Lamotrigine (LAG) is a new antiepileptic drug which is licensed as adjunctive therapy for partial and secondary generalized seizures. In the present study, the mechanisms responsible for its antiepileptic effect were studied in rat amygdaloid slices using intracellular recording and whole-cell patch clamp techniques. Bath application of LAG (50 microM) reversibly suppressed the excitatory postsynaptic potentials (EPSPs) and currents (EPSCs) evoked by stimulating ventral endopyriform nucleus. Synaptic response mediated by the N-methyl-D-aspartate (NMDA) receptor (EPSPNMDA) was isolated pharmacologically by application of a solution containing non-NMDA receptor antagonist 6-cyano-7-nitroquinoxaline-2,3-dione (CNQX,10 microM) and gamma-aminobutyric acidA receptor antagonist bicuculline (20 microM). LAG produced a parallel inhibition of EPSPNMDA. Postsynaptic depolarization induced by alpha-amino-5-methyl-4-isoxazole propionate (AMPA) was not altered by LAG. In addition, LAG increased the ratio of the second pulse response to the first pulse response (P2/P1), which is consistent with a presynaptic mode of action.

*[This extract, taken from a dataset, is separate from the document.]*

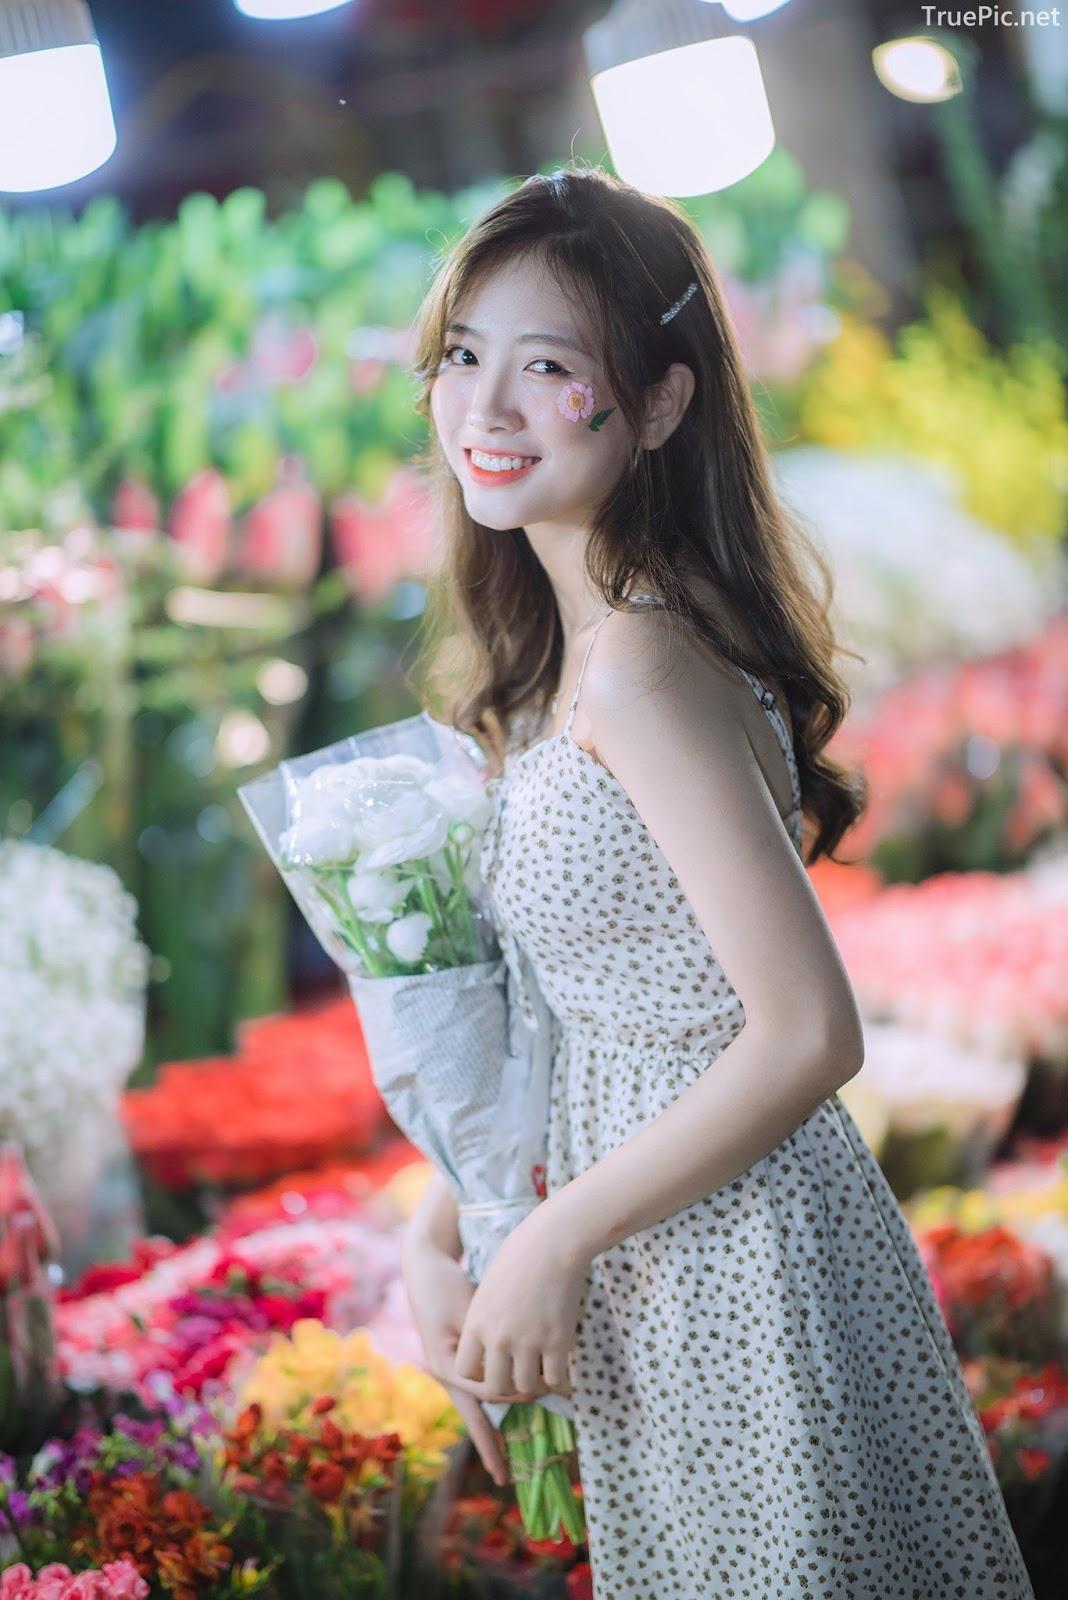 Vietnamese Hot Girl Linh Hoai - Strolling on the flower street - TruePic.net - Picture 6
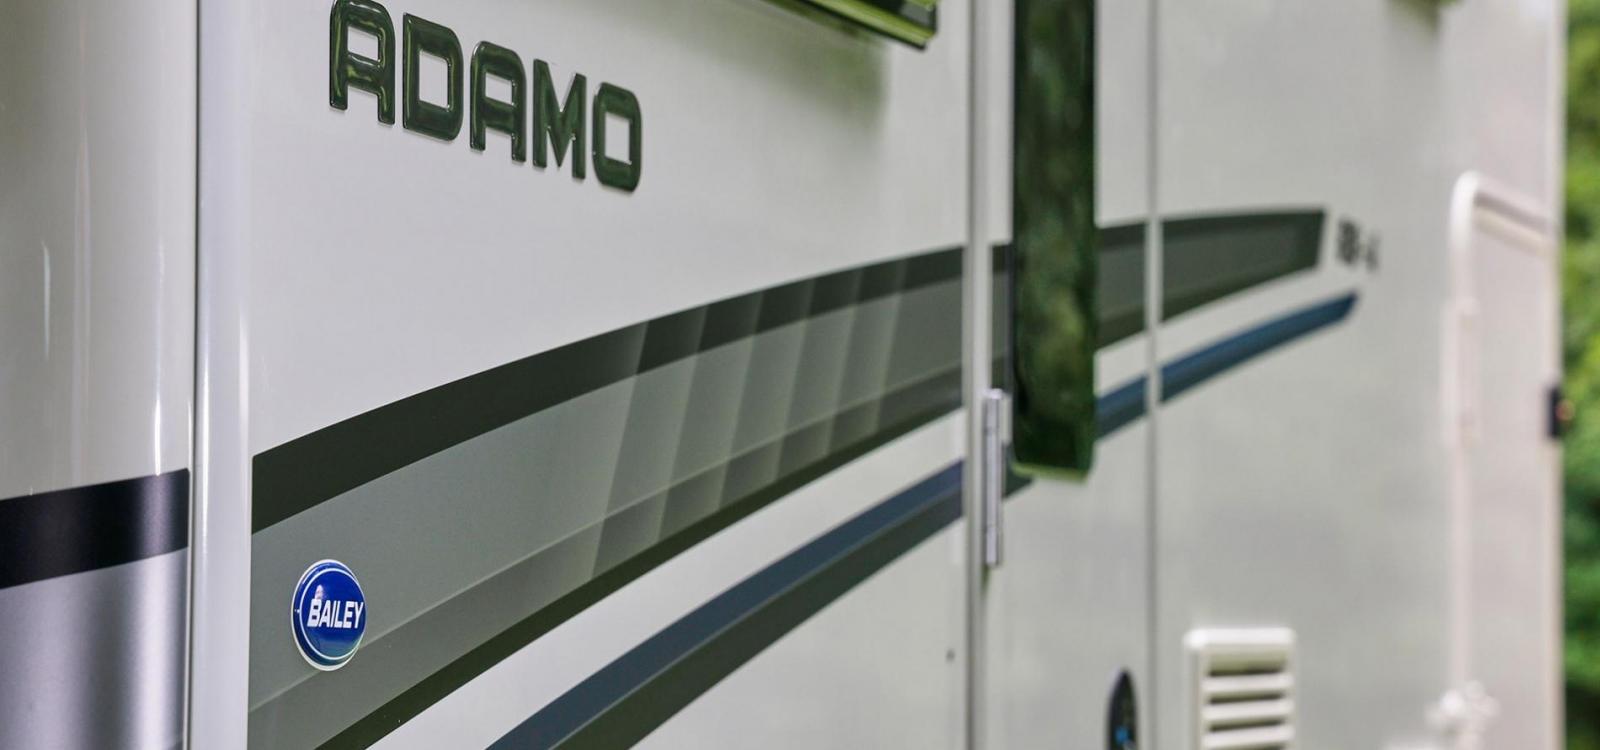 Fortuna - Adamo 75-4i

The L-type Ca+2 channel blocker nifedipine (20 microM) had no effect on LAG-induced presynaptic inhibition. However, the depressant effect of LAG was markedly reduced in slices pretreated with N-type Ca+2 channel blocker omega-conotoxin-GVIA (omega-CgTX-GVIA, 1 microM) or a broad spectrum Ca+2 channel blocker omega-conotoxin-MVIIC (omega-CgTX-MVIIC, 1 microM). It is concluded that a reduction in omega-CgTX-GVIA-sensitive Ca+2 currents largely contributes to LAG-induced presynaptic inhibition.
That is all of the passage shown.